**PROVIDED MATERIAL**
━━━━━━━━━━━━━━━━━━━━━━━━━━━━━━

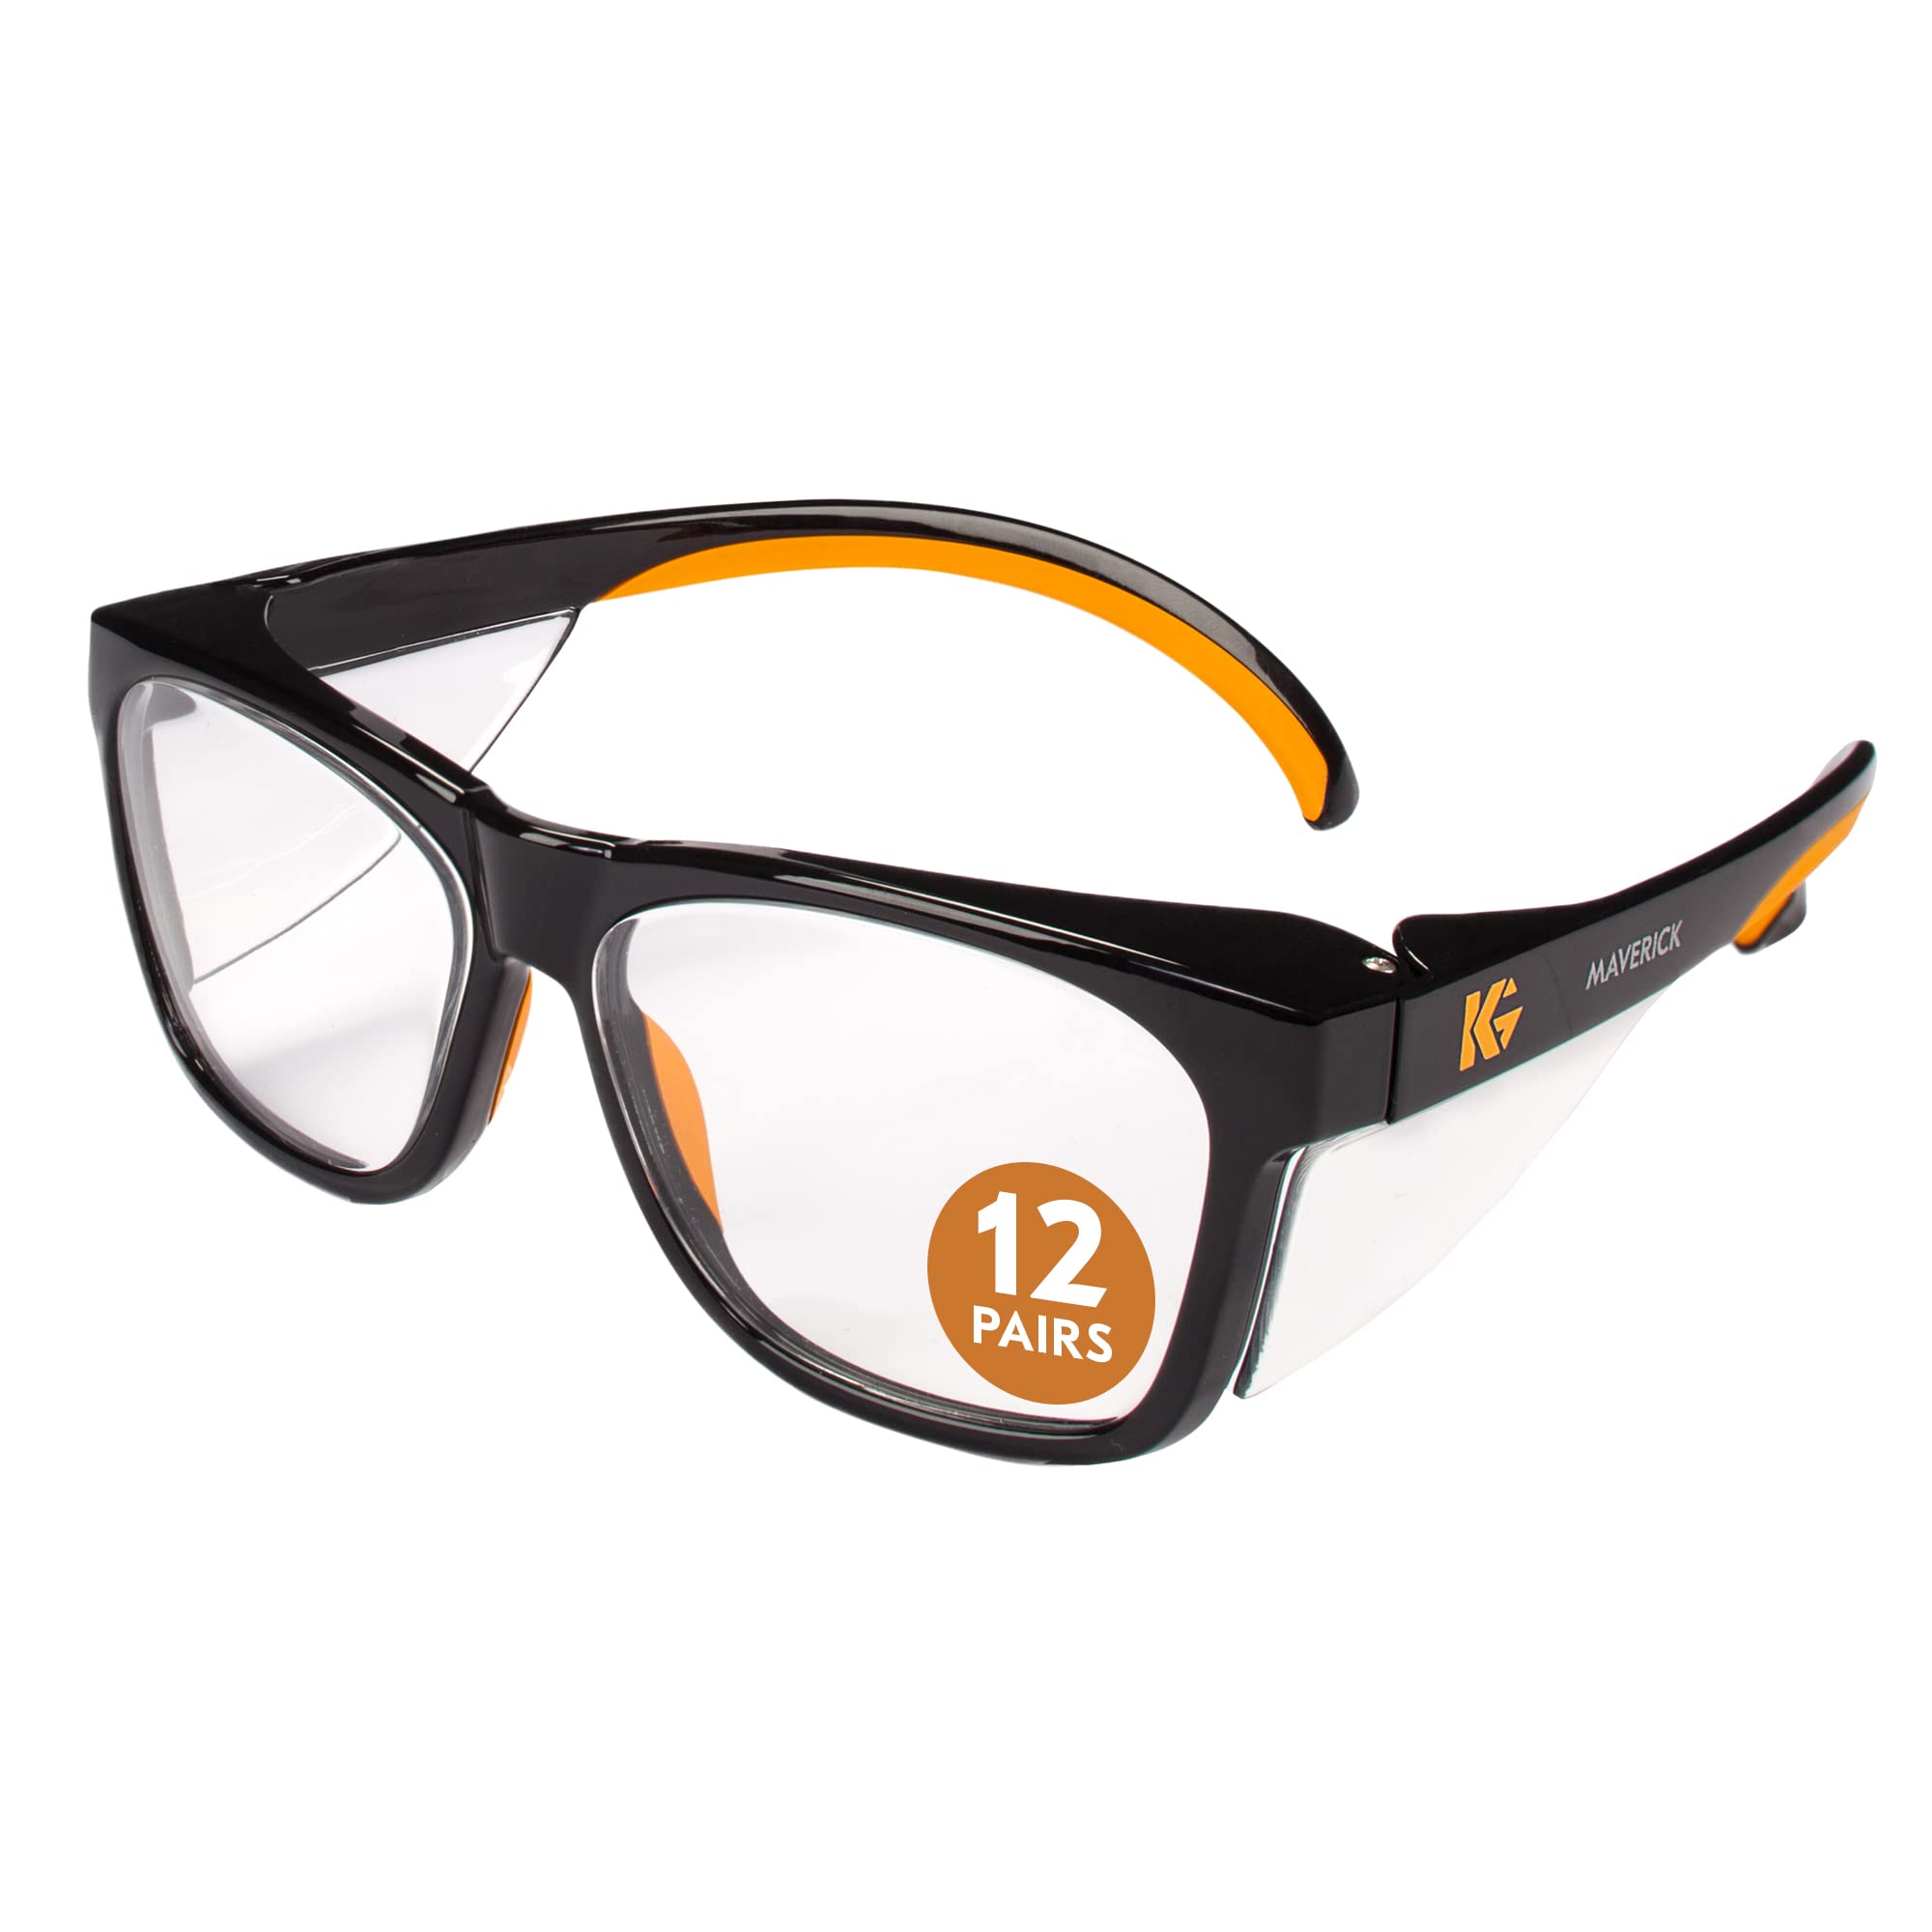 KLEENGUARD ™ V30 Maverick™ Safety Glasses (49312), with Anti-Glare Coating, Clear Lenses, Black Frame, Unisex for Men and Women (Qty 12)
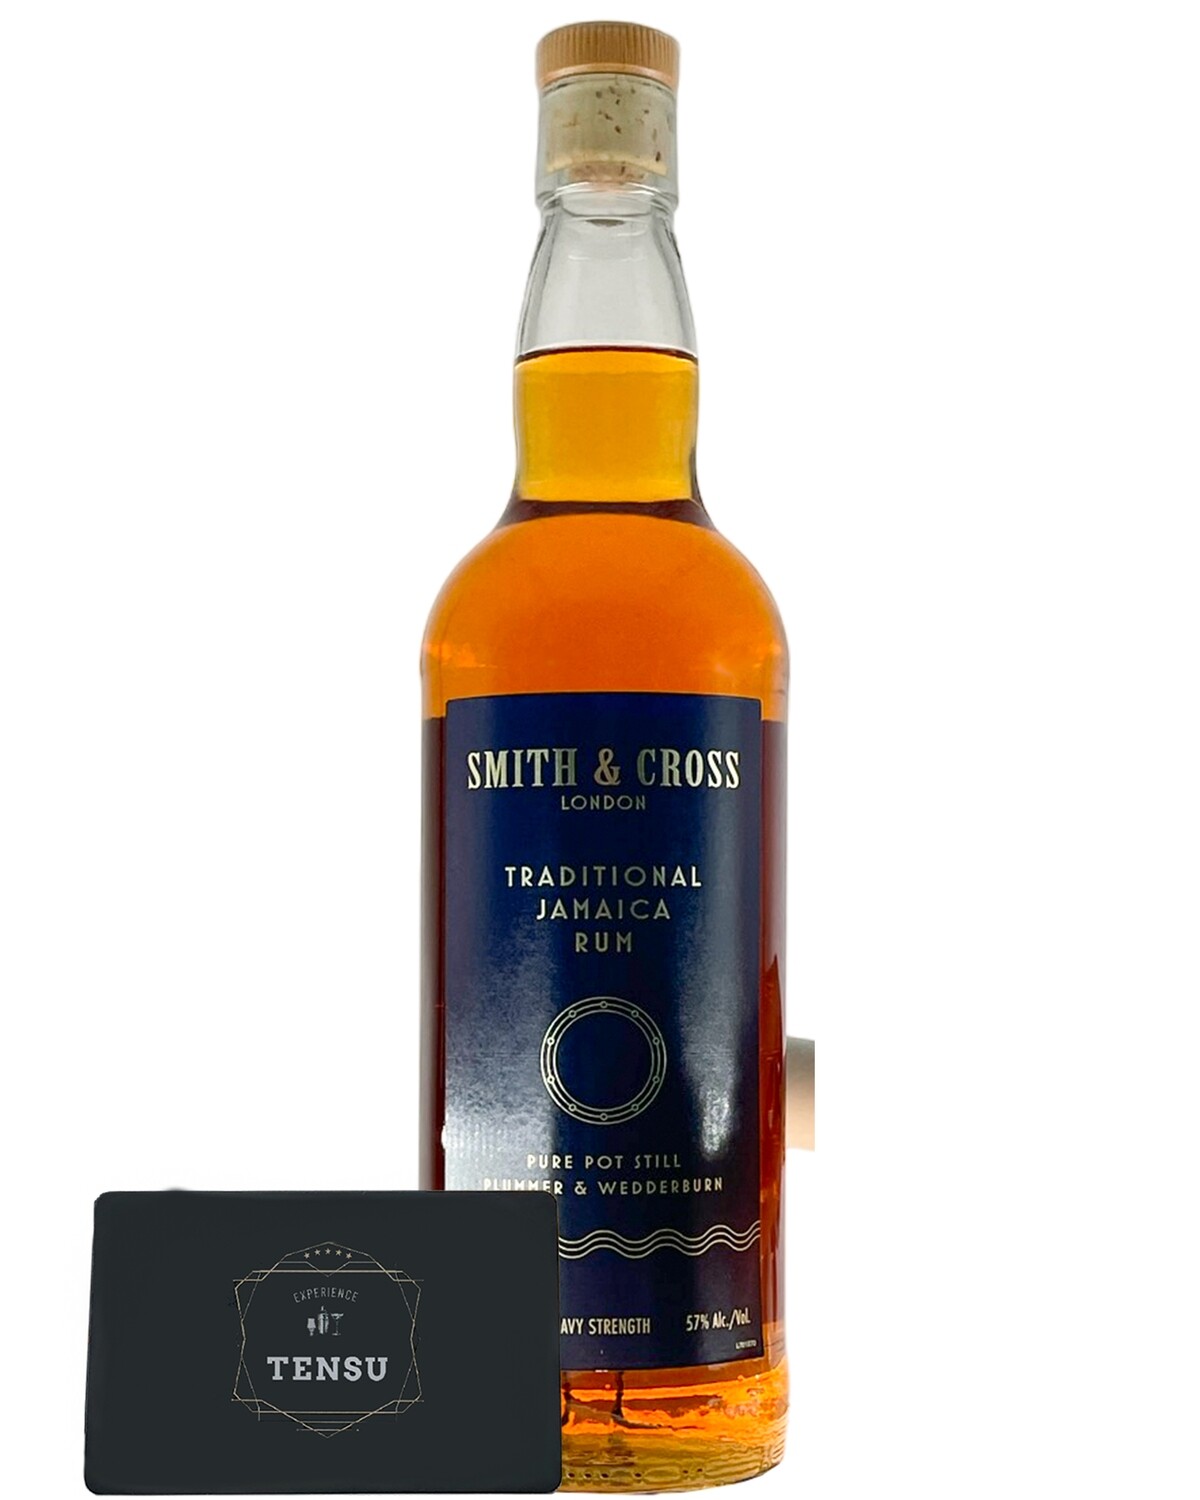 Smith & Cross Traditional Jamaica Rum Pure Pot Still -Plummer & Wedderburn- 57.0 "Smith & Cross"
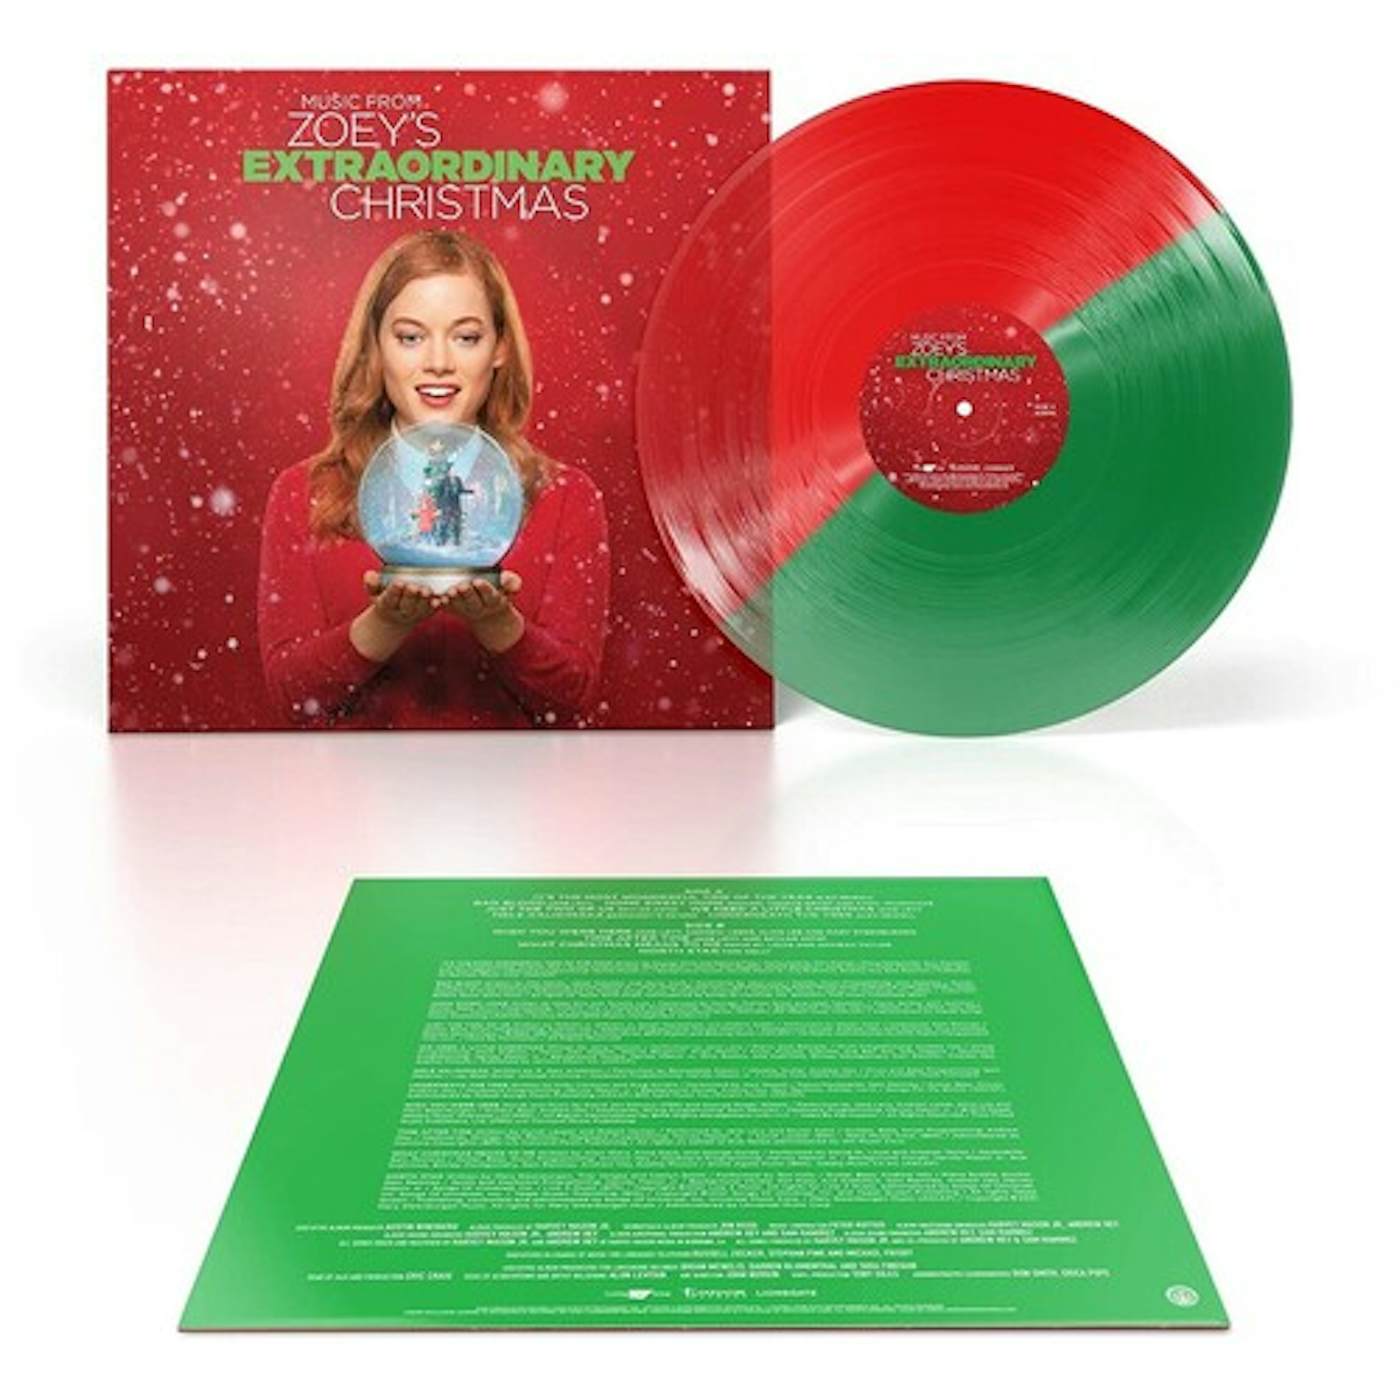 Tori Kelly MUSIC FROM ZOEY'S EXTRAORDINARY CHRISTMAS / Original Soundtrack Vinyl Record

━━━━━━━━━━━━━━━━━━━━━━━━━━━━━━

**PROBLEM**
Give back exactly the lines from the one containing "Smith & Cross Traditional" through the last line above, both included, and none of the pictures.

**ANSWER**
 Smith & Cross Traditional Jamaica Rum Pure Pot Still -Plummer & Wedderburn- 57.0 "Smith & Cross"
 Tori Kelly MUSIC FROM ZOEY'S EXTRAORDINARY CHRISTMAS / Original Soundtrack Vinyl Record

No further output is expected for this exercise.